L5R fights in slow motion

So there are obviously still large gaps in my understanding of how the fights work in L5R, because I can’t stop thinking about them as a simple depletion of a finite resource: i.e. hit points. Which isn’t really how the fights work, so I’ve been trying to rethink the process. I was doing armour backwards, it isn’t critical strikes it guards against, it is damage. Apologies to armour wearers. Wearing armour when you are travelling now seems like a pretty smart idea.

You (samurai, bold, correct) are being struck by an assailant (despicable, cowardly, incorrect). When their attack does “damage” you either suck up that damage with your armour (which I was doing wrong last night) entirely or your armour takes some (or none) of it and you buy off the rest of it with Fatigue. I keep thinking of Fatigue as a resource to be depleted, but it’s really a thing you can accrue to a point… we should probably decide whether we’re going to talk about fatigue going up or down in combat. When that opponent’s Fatigue surpasses their Endurance, they are incapacitated and will automatically suffer critical hits when hit (regardless of the damage you do to them). Critical hits you can do all the rest of the time by spending opportunities. Someone who suffers a critical hit when incapacitated also falls unconscious; someone who suffers a critical hit while unconscious adds 10 to the severity of that critical.

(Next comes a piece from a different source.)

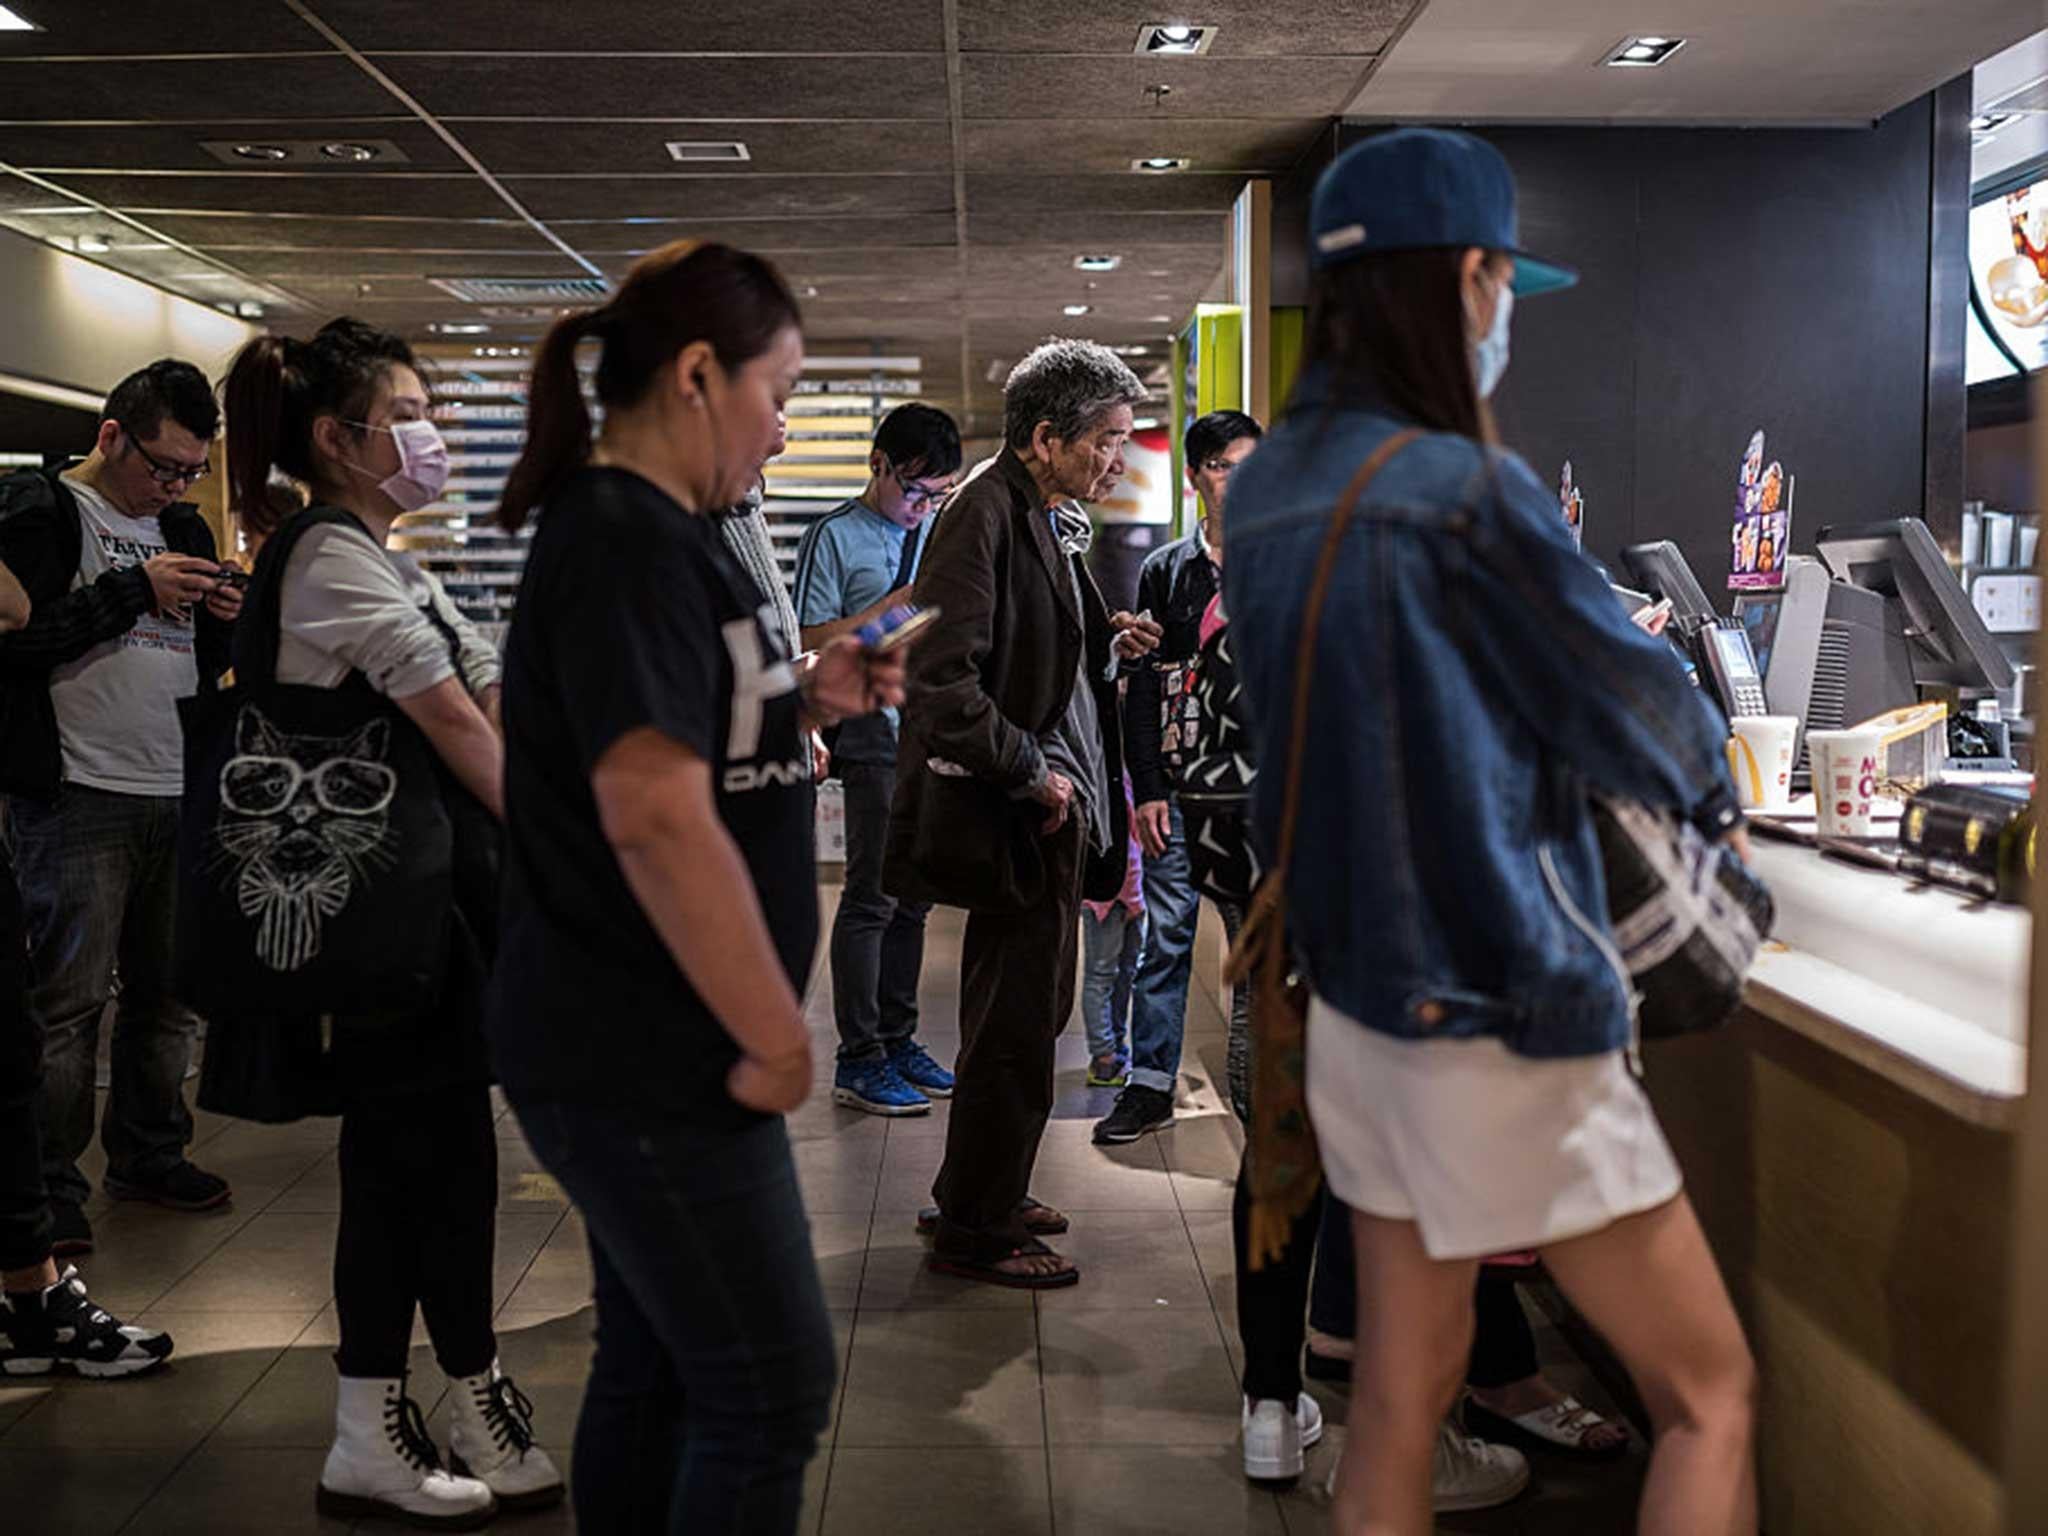 Queues at a McDonald’s outlet in the Kowloon district of Hong Kong
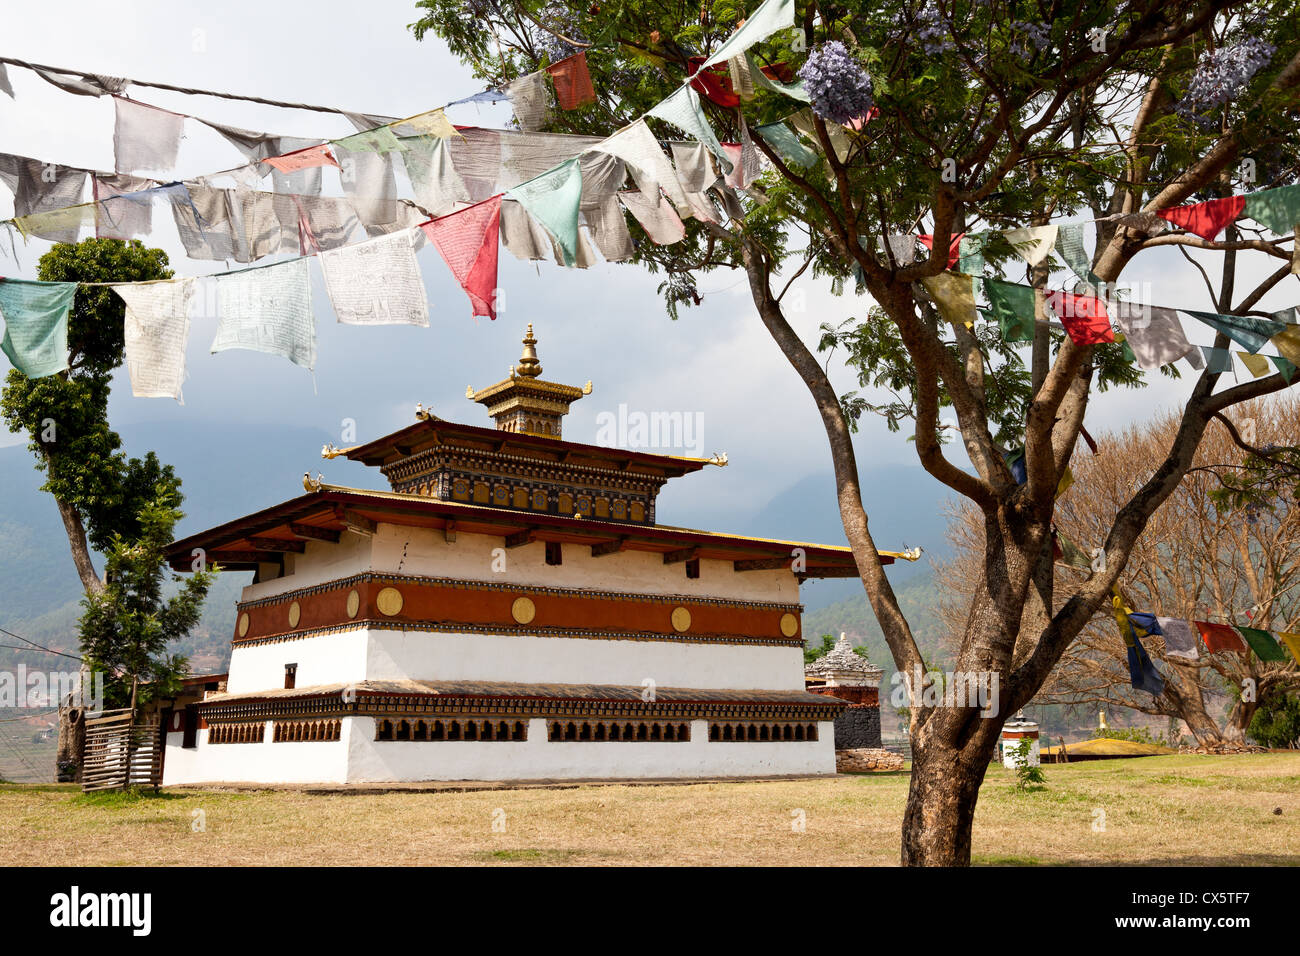 Chimi Lhakhang temple Banque D'Images

Once the opponent has 0 fatigue left to buy off damage, doing more “damage” with extra successes isn’t really useful except to overcome armour: That job is done. From then on, Opportunities are probably more useful. It is much easier to end fights if I’m reading this correctly:

Matsu Ono takes up Fire stance and two-handed grips a katana to use a Strike action against a filthy bandit: Rolland rolls two successes, two strife and two opportunities. Two successes mean Ono hits, two strife in Fire stance means he can count those as two bonus successes (not successes, bonus successes) increasing the katana’s damage by two. The bandit has to buy off all that damage with his meager Fatigue, but that leaves him incapacitated. But there’s still those two opportunities to spend on inflicting a critical strike.

I can’t see any note about the timing of when that happens, but since one action isn’t simply one single chop of a sword, but a few seconds of swordplay, I think it’s reasonable to assume – until contradicted – that you can apply that critical strike to the newly incapacitated bandit. The bandit would normally get a Fitness TN 1 test to reduce the severity, but he can’t because he is incapacitated and can’t make tests. He takes the full severity of the katana’s deadliness, is now unconscious because crit while incapacitated, and very maimed. Opponent eliminated from the fight in one round. Ono takes two strife because he got a face full of that guy’s arteries.

So that’s assuming a pretty useful roll of the dice, but not outside the realms of possibility, even with Rolland’s rolling. And… yeah, you’re big bad samurai, you should be able to scythe your way through grotty starving peasant bandits.

It also means the bandit might not actually tire his opponent out very quickly, hitting with a low damage weapon against an armoured opponent, but they can still score sneaky Crits with Opportunity, reflecting that they can still find gaps in the armour occasionally.

Because the receiver gets to apply a Fitness check to reduce the severity, Critical Hits caused by Opportunity spends are likely to be less effective, but it’s still a cool way of delivering wounds while a person is still fighting. Crits from Opportunities < Crits against Incapacitated < Crits against the Unconscious.

There’s one more response a person can have to damage coming their way (as opposed to letting armour eat it or buying it off with Fatigue) and that’s to voluntarily accept the critical strike for some tactical advantage. It costs a Void point to do it. I’m pretty certain that’s how the boy-hero in The Wheel Of Time got the devil close enough to stab him, so you know, there’s precedent.